L’étude de la situation stratégique du Yémen révèle au-delà des complexités internes de l’émirat, l’évolution de l’équation stratégique du Proche-Orient. Les clivages arabo-perses et sunnites-chiites conduisent à de surprenantes régulations.
Le Yémen, un nouvel enjeu stratégique ?
Yemen: a new strategic challenge?
This study of the strategic situation of Yemen goes beyond the internal complexities of the Emirate to reveal the evolving Middle Eastern strategic equation. The cleavages between Arabs and Persians, between Sunni and Shia Islam, are leading to some surprising adjustments.
Parmi les nombreux pays arabes soumis à des turbulences récurrentes, il en est un qui n’a guère été placé au cœur de l’actualité, du moins en Europe ou outre-Atlantique, jusqu’à l’irruption récente de troubles majeurs et l’attentat manqué fin 2009 contre les États-Unis : le Yémen. Une conférence internationale s’est tenue début 2010 à Londres et a tenté de combler cet oubli en s’efforçant de mobiliser les bonnes volontés et d’évaluer les risques pesant sur cet État (1). Plusieurs facteurs peuvent expliquer ce désintérêt relatif (2) : sa diaspora n’est guère présente dans nos contrées, ce n’est pas un partenaire économique ou stratégique privilégié, parce que ses ressources financières sont limitées. Et puis c’est Djibouti, qui accueille de nombreuses forces occidentales, qui constitue une position privilégiée à proximité immédiate du détroit de Bab-el-Mandeb, verrou d’accès sur la mer Rouge où transite une part importante du commerce maritime international et pétrolier en particulier.
Un écheveau local et régional
Au Moyen-Orient, en revanche, les violences que connaît le Yémen depuis plusieurs années sont régulièrement au cœur des analyses politiques, et pour plusieurs raisons.
D’abord, parce que cet État, qui a été récemment réunifié (en 1994) connaît des velléités sécessionnistes, en particulier chez les « sudistes », ex-marxistes, qui estiment qu’ils ont été absorbés par les « nordistes » plus peuplés, qui se seraient approprié l’essentiel des pouvoirs au sein de la nouvelle entité.

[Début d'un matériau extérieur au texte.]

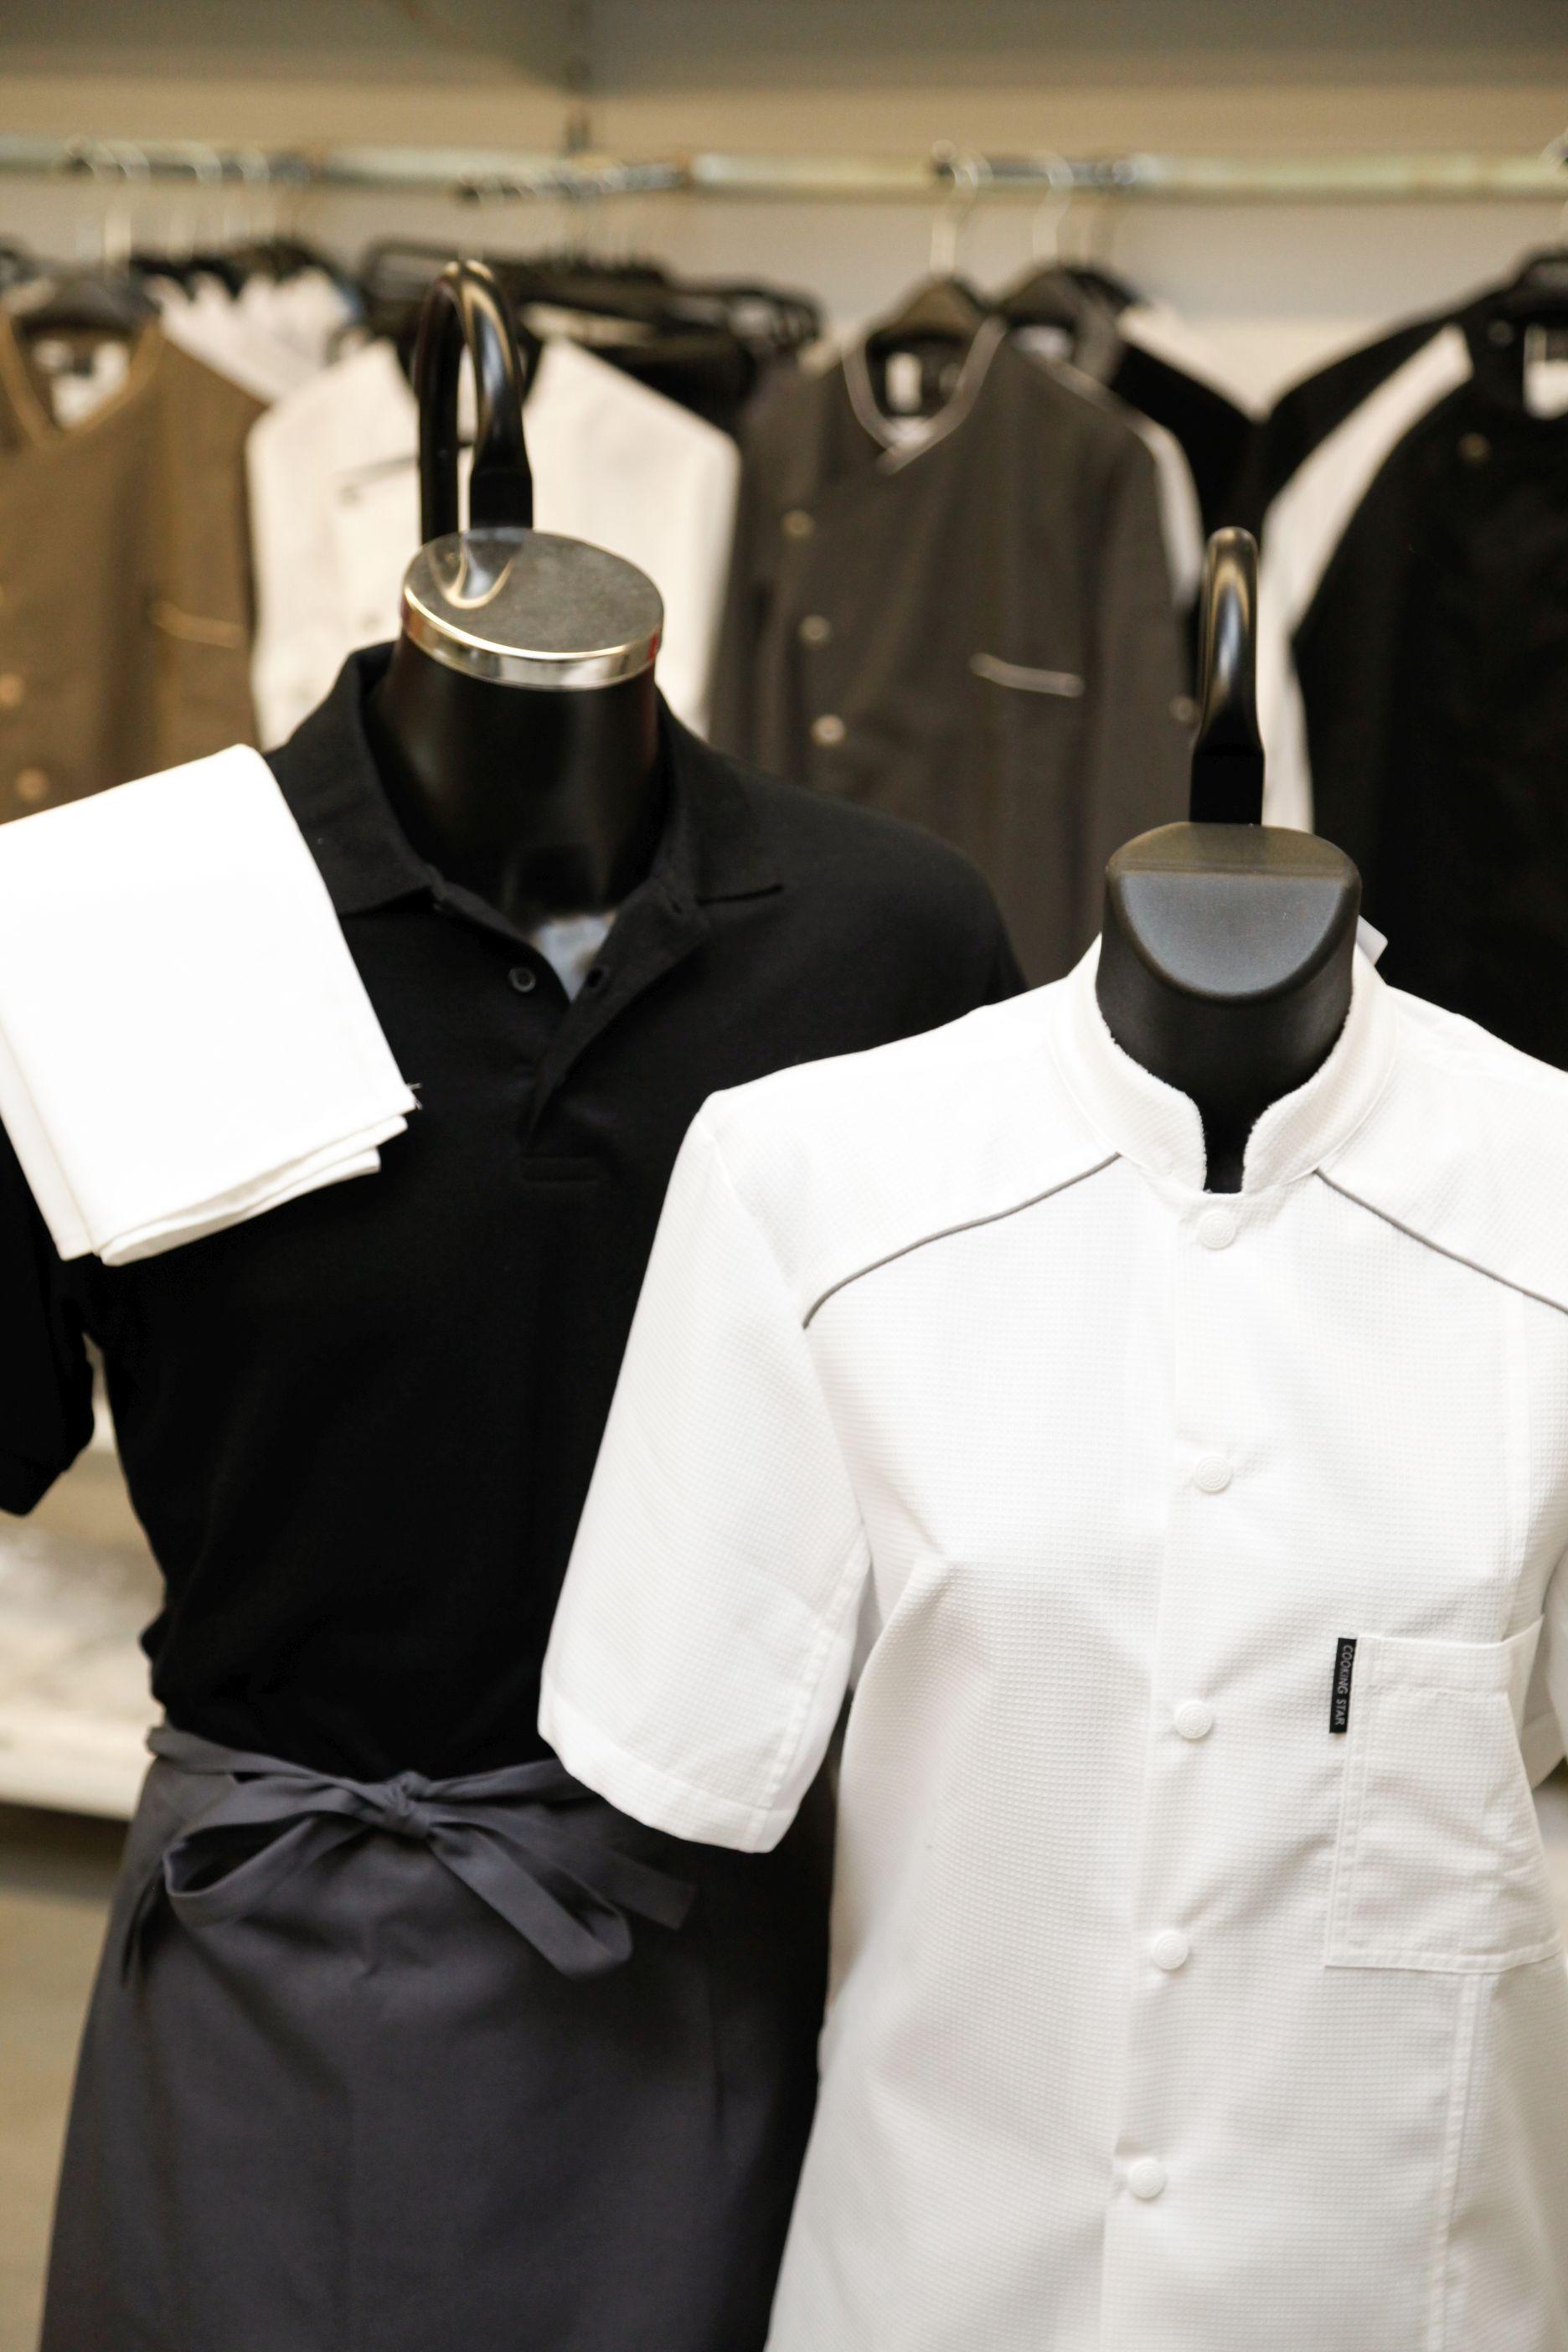 et un large choix de vêtements de travail professionnels  bermudas
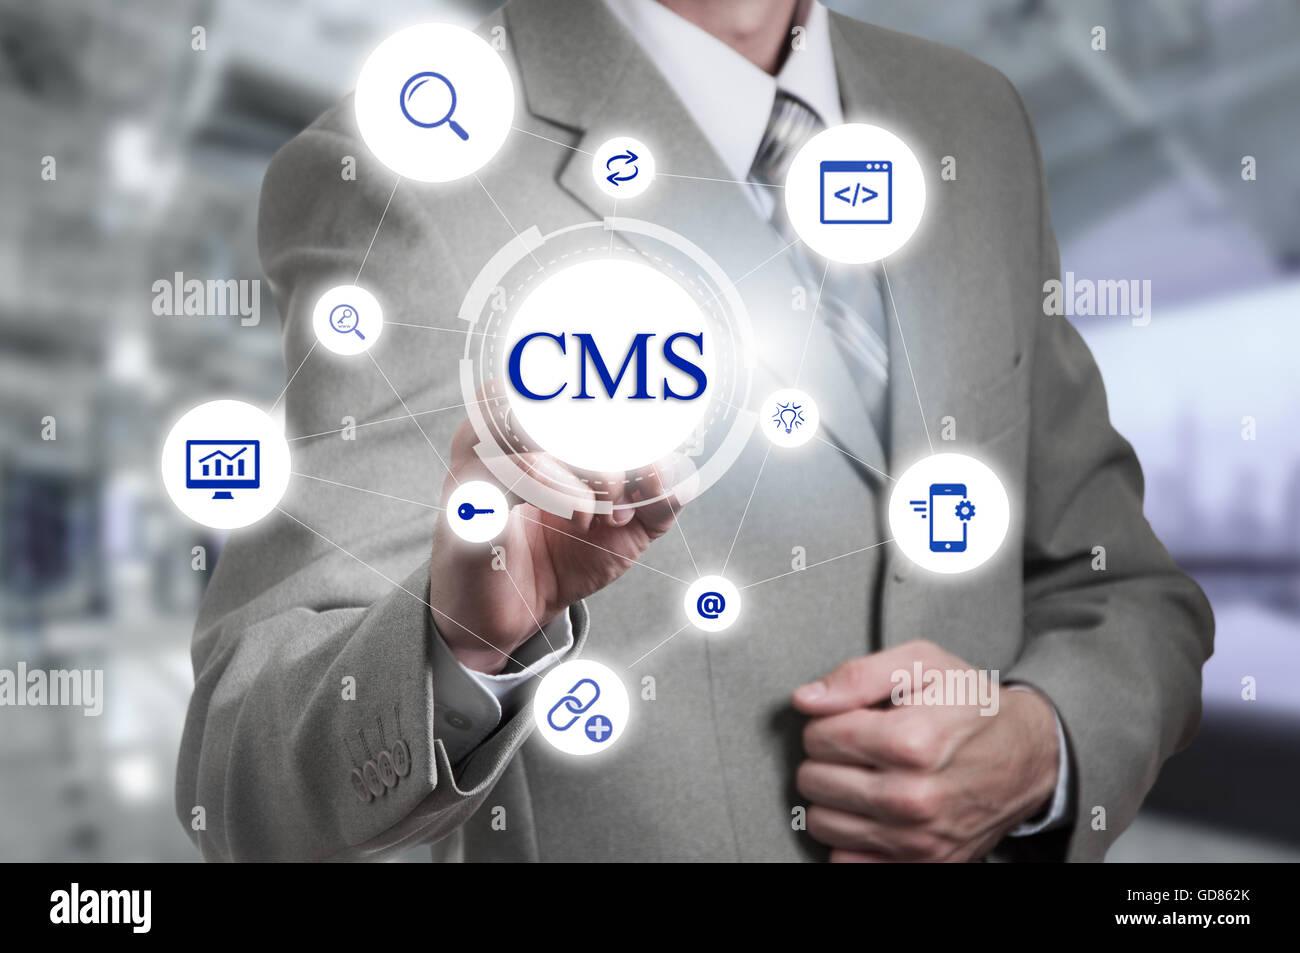 Il concetto di cms sistema di gestione dei contenuti Gestione sito internet Immagini Stock

Ce phénomène, s’il prenait de l’ampleur ou se concrétisait serait perçu comme un dangereux précédent par les pays arabes, qui pourraient voir surgir des revendications séparatistes, qui sont parfois déjà à l’œuvre comme au « Kurdistan irakien », au Soudan ou en Somalie. L’autre menace concerne la montée en puissance de l’islamisme radical. En effet, parmi les combattants d’Al-Qaïda, un nombre relativement important est d’origine yéménite, et les journalistes ont suffisamment rappelé l’ascendance de Ben Laden après les attentats du 11 septembre. Ces islamo-djihadistes ont mal vécu le rapprochement opéré par le président Ali Abdallah Saleh avec les Américains qui ont sollicité et obtenu sa coopération. D’autres lui reprochent d’avoir sciemment favorisé leur ascension pour mieux combattre la rébellion zaïdite, (ou zaydite) qui regroupe des combattants qui appartiennent à une branche du chiisme (3).